Recent results show what this looks like. Teams have deployed robots on actual commercial tasks: building cardboard boxes, operating espresso machines and folding laundry. As the robots work, humans provide feedback, marking successes and failures, occasionally correcting the approach. This data flows back into training.

The results are impressive. Robots running for hours continuously. Throughput more than doubling compared to demonstration-only baselines. And crucially, this approach handles failures that simulation could never anticipate. When a new shipment of cardboard arrived with imperfect perforations that caused sheets to stick together, the robot learned to handle it. No simulator would have predicted that problem.

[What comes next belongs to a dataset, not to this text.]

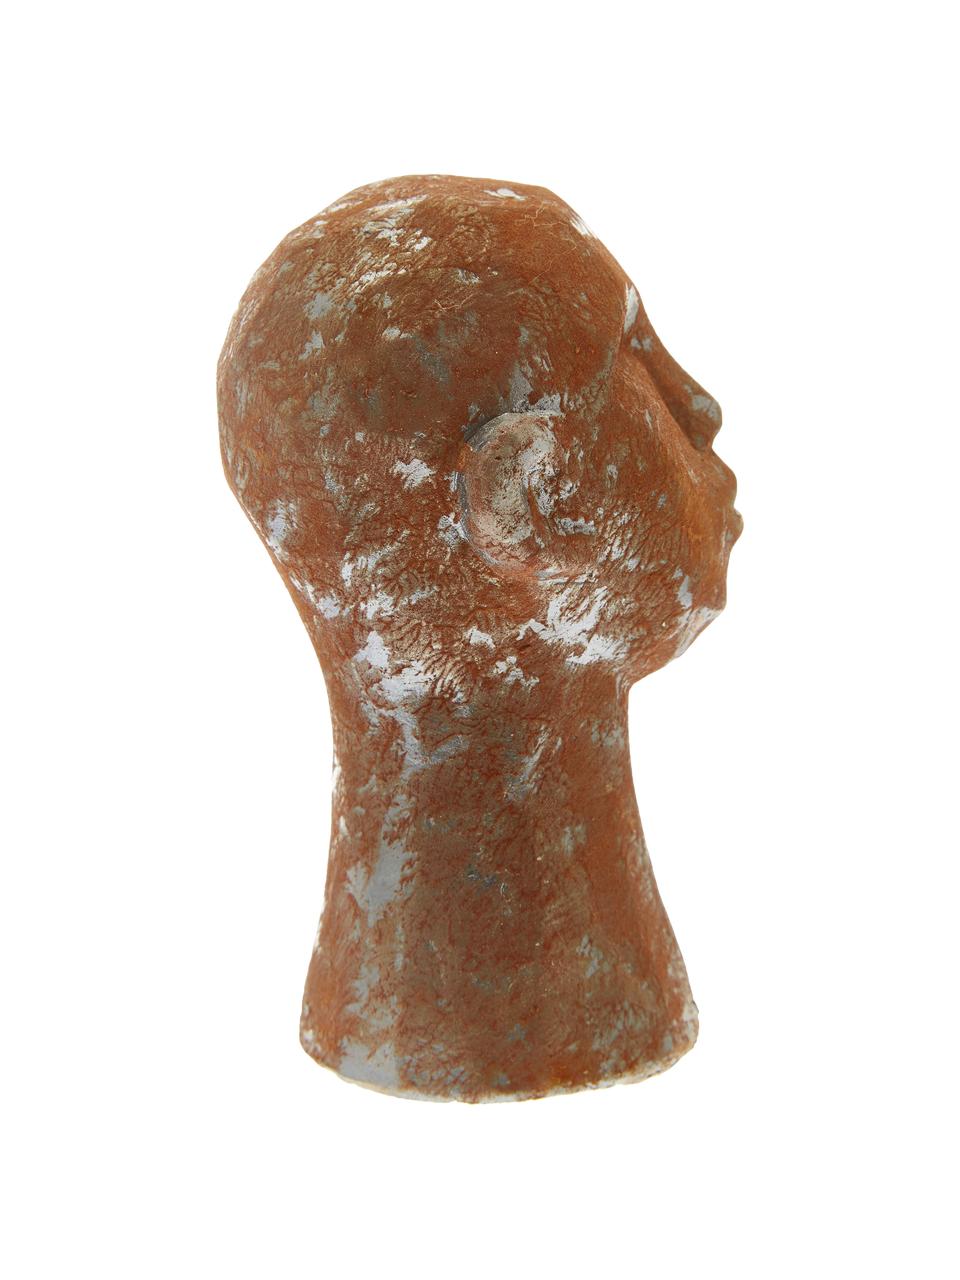 Sada dekorací Figure Head, 3 díly, Bílá, hnědá, šedá

This is the flywheel that makes robotics scaling plausible. Once models are good enough to deploy, deployment generates data, data improves models, better models enable broader deployment. The cost of data collection shifts from positive (paying humans to teleoperate) to negative (robots do useful work while learning).
Software scales infinitely at near-zero marginal cost. Robots face the opposite economics: every deployment requires a physical body with motors, sensors, batteries, and structural components.
Current humanoid robots remain expensive. Agility Robotics’ Digit costs around $250,000. Tesla projects Optimus will reach $20,000-$30,000 at scale, but early production costs will be higher. Even collaborative robot arms represent significant capital expenditure for smaller manufacturers.
But the cost curve is moving, driven primarily by China.
Unitree’s $5,900 humanoid and Noetix’s $1,370 entry-level unit demonstrate price points that seemed years away. Over 150 humanoid robot companies now operate in China, creating an ecosystem where iteration happens rapidly and suppliers compete intensely on price. Government policy explicitly targets humanoid dominance, with subsidies flowing and a national plan to secure the complete innovation ecosystem.
China dominates key component manufacturing and controls approximately 90% of rare earth processing; virtually all of the heavy rare earths essential for motors. US trade restrictions designed to limit Chinese access to advanced technology have, instead, reinforced China’s push toward self-reliance.
Western robotics companies face a strategic choice: source from China and accept supply chain risk, or pay significantly more while Chinese competitors undercut on price. Neither option is comfortable. Tesla’s Optimus reportedly sources components from Chinese manufacturers rather than Japanese incumbents, suggesting even the largest Western players find the cost differential hard to ignore.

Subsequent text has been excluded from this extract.